When Catholics look upon the grandeur and beauty of the Roman basilicas or the cathedrals and churches that arose in the middle ages and the Renaissance throughout Christian Europe, they can see in the architecture and sacred art of century after century an authentically Catholic expression of what befits the worship of God, the offering of the Holy Sacrifice of the Mass, the chanting of the divine praises, and the honoring of the saints.

Ecclesiastical architecture is indeed fitted to and inspired by the liturgy conducted in the sacred space set apart for divine worship. It is for this reason that the changes in the liturgy after the Second Vatican Council have also seen such drastic changes in Church architecture. The common experience of Catholics today is that a love of a more traditional liturgy goes hand in hand with a love for a more traditional style of sacred art and sacred architecture. Or put another way, love of an authentically Catholic liturgy, unadulterated by modernist, Protestant, masonic, or pagan elements, inspires also a love for authentically Catholic sacred art and authentically Catholic sacred architecture.

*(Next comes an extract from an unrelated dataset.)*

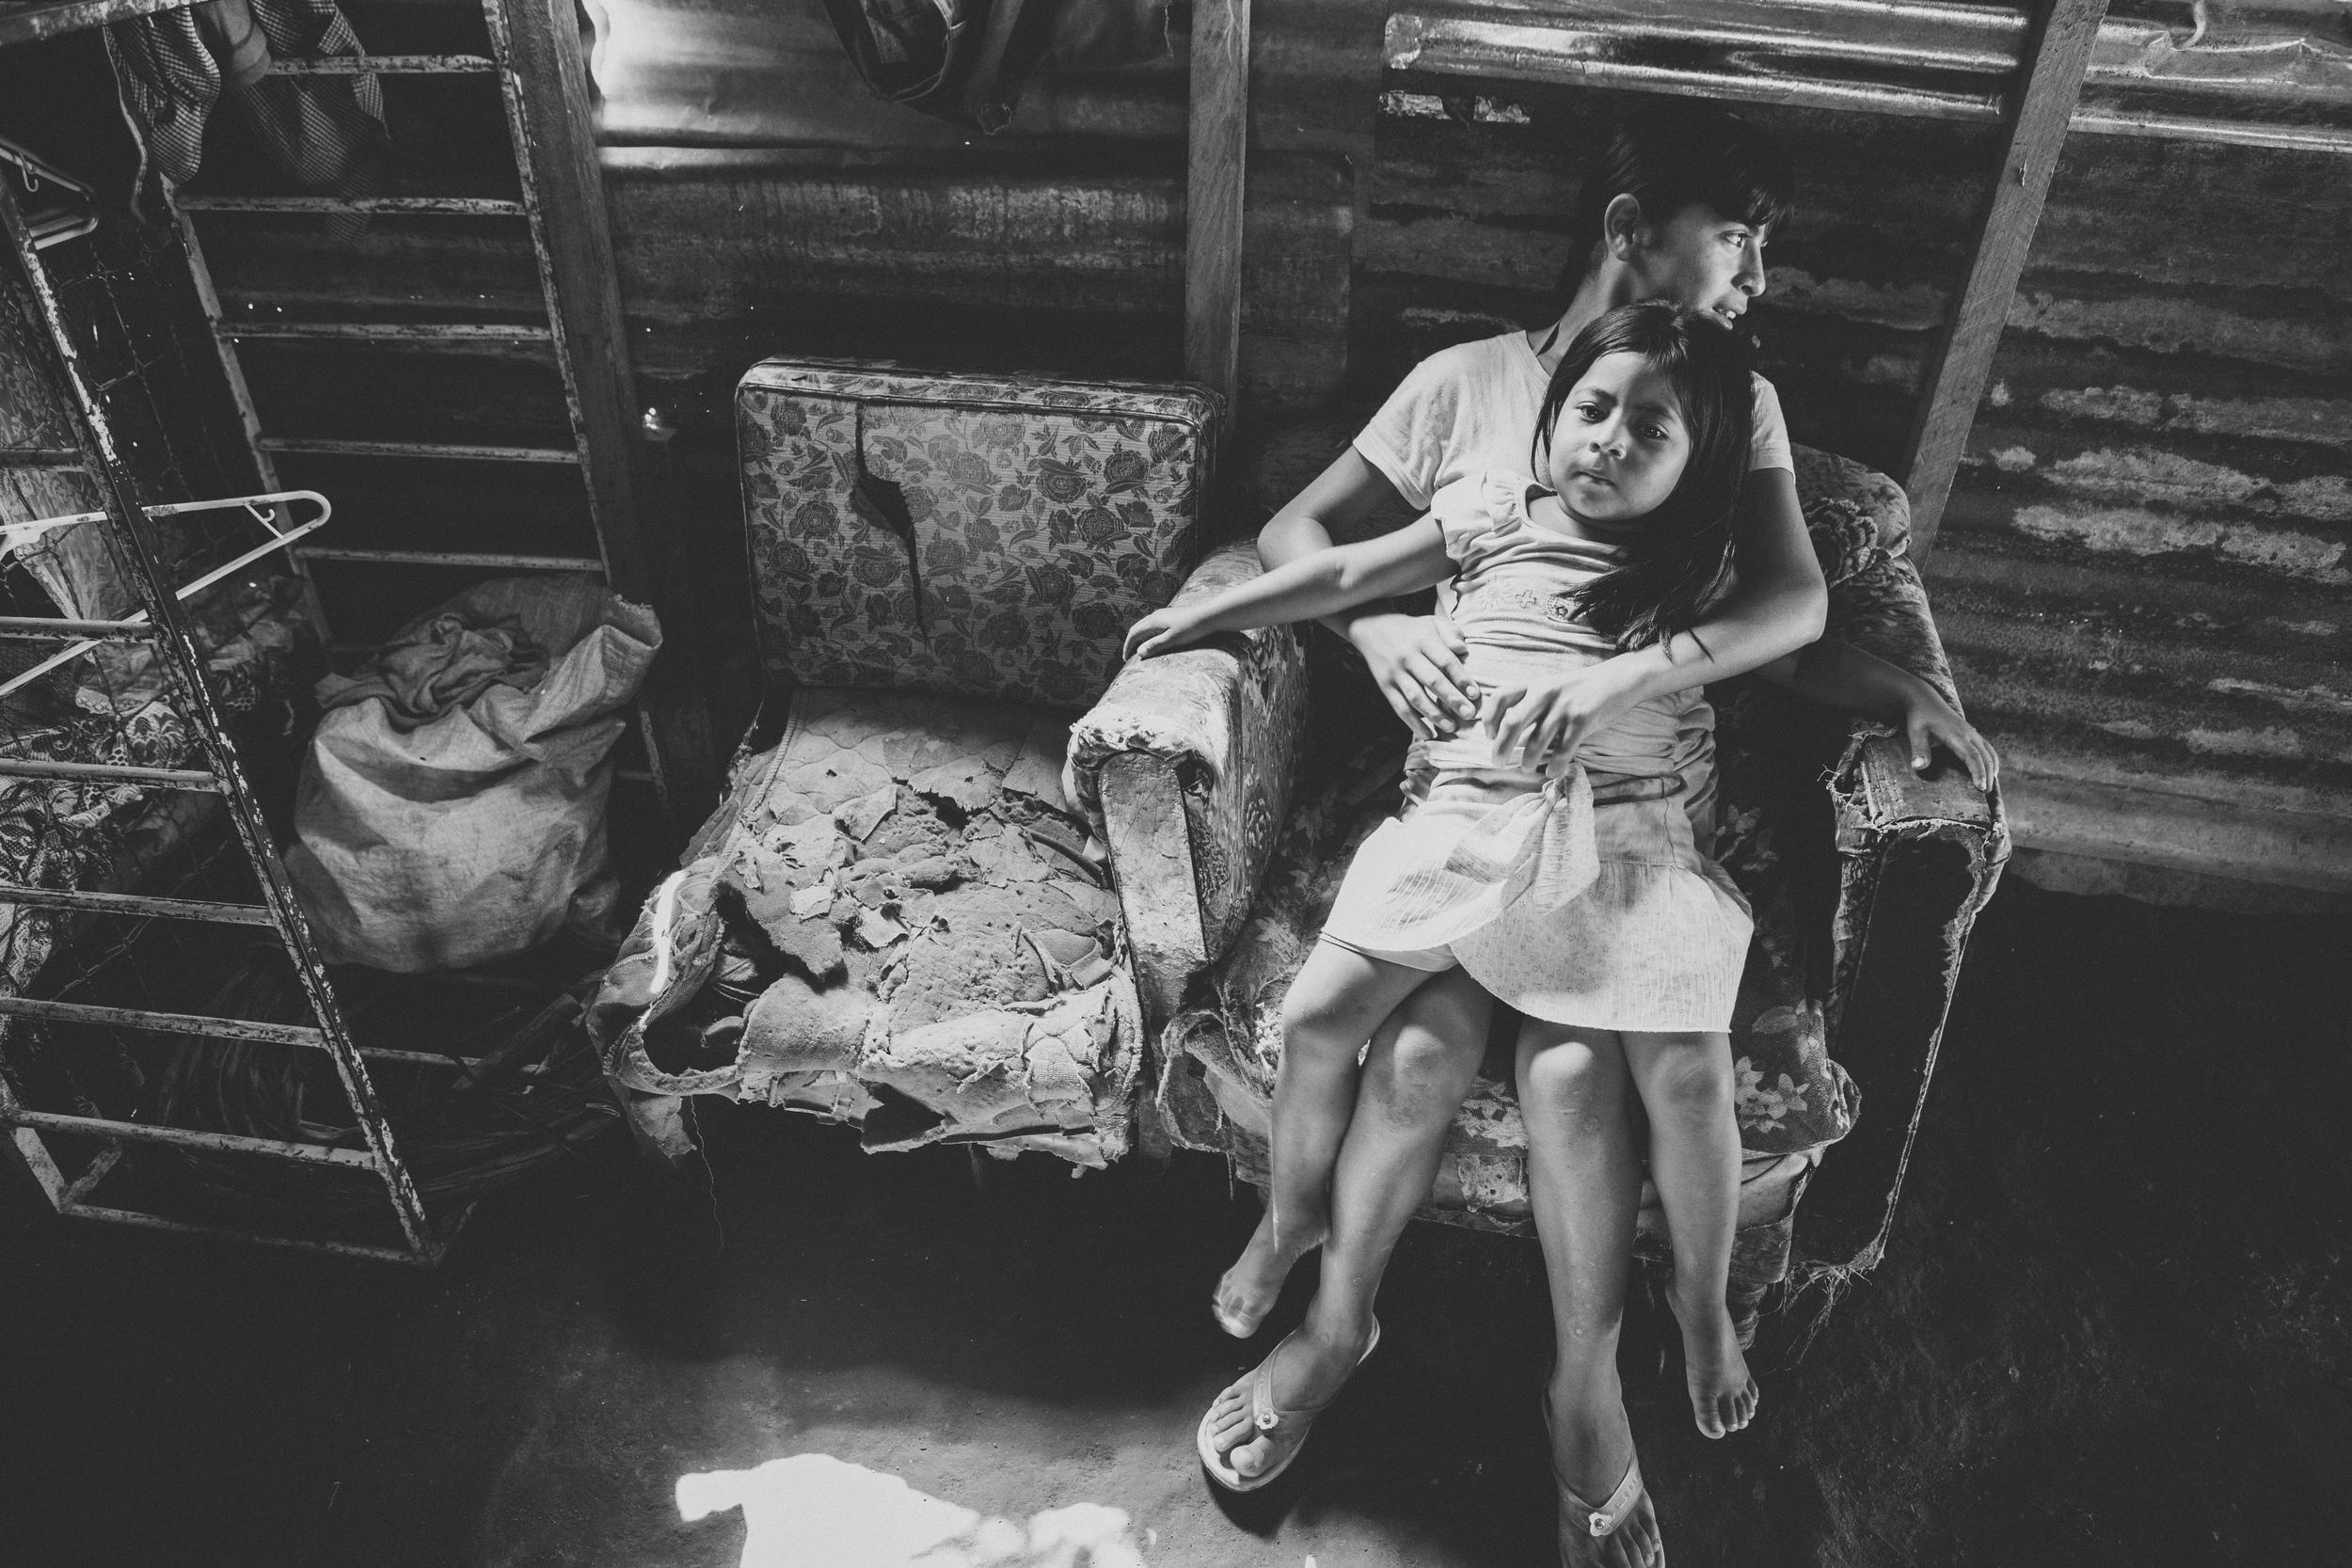 El_Milagro_Portraits_Documentary_Photography_Global_Eyes_Media_015.jpg

As one report commented on the awards from the Pontifical Academies, “The winning projects express well the emptiness, secularization, brutality, decay, and ugliness of the Novus Ordo.”

The granting of the awards comes amid great liturgical tumult in the Church that reveals some fundamental problems regarding the understanding of some within the Church, even at the highest levels of the hierarchy, of the worship of God.

At the same time, the ancient liturgical form of the Roman Rite, the Traditional Latin Mass — whose origins go back to the Apostles Peter and Paul, and whose development was perfected by Sts. Gregory the Great, Pius V, and Pius X — is being systematically curtailed by authorities in Rome, with an attempted suppression rumored to be imminent. Meanwhile, in Germany, Switzerland, Belgium, Latin America, and Mexico, liturgical abuses run rampant, including “blessings” of same-sex unions, women “concelebrants” at Mass, liturgies dressed up for the LGBT, a push for women “deacons,” “transsexual” priests, and now, as LifeSiteNews has reported, the introduction of full-blown idolatrous, pagan rituals of nature worship, with Mexican bishops proposing a Mayan rite of the Mass.

READ: The new Mayan rite of Mass encouraged by Pope Francis is replete with pagan idolatry and symbolism

These liturgical fights and abuses are not small nothings taking place in fringe corners of the Church. Bihops’ conferences have proposed and backed heterodox liturgical changes. What we are seeing within the Church right now is a fight over whether we will worship the one true God and His Son Jesus Christ in a manner faithful to that handed down to us by the Apostles, Fathers, and Saints of the Church, or whether we will adapt to the influences of un-Catholic Protestants, or unbelieving modernists, masons, and idolatrous pagans. If the latter, as is already happening, we will end up worshiping the golden calf of free sex in whatever form our increasingly perverse culture dictates, and along with that, the gods and goddesses of nature such as the Pachamama, the fertility goddess of the earth who demands child sacrifice.

If instead we would worship God rightly, we return to a sacred art and architecture both beautiful and worthy of Him and His service.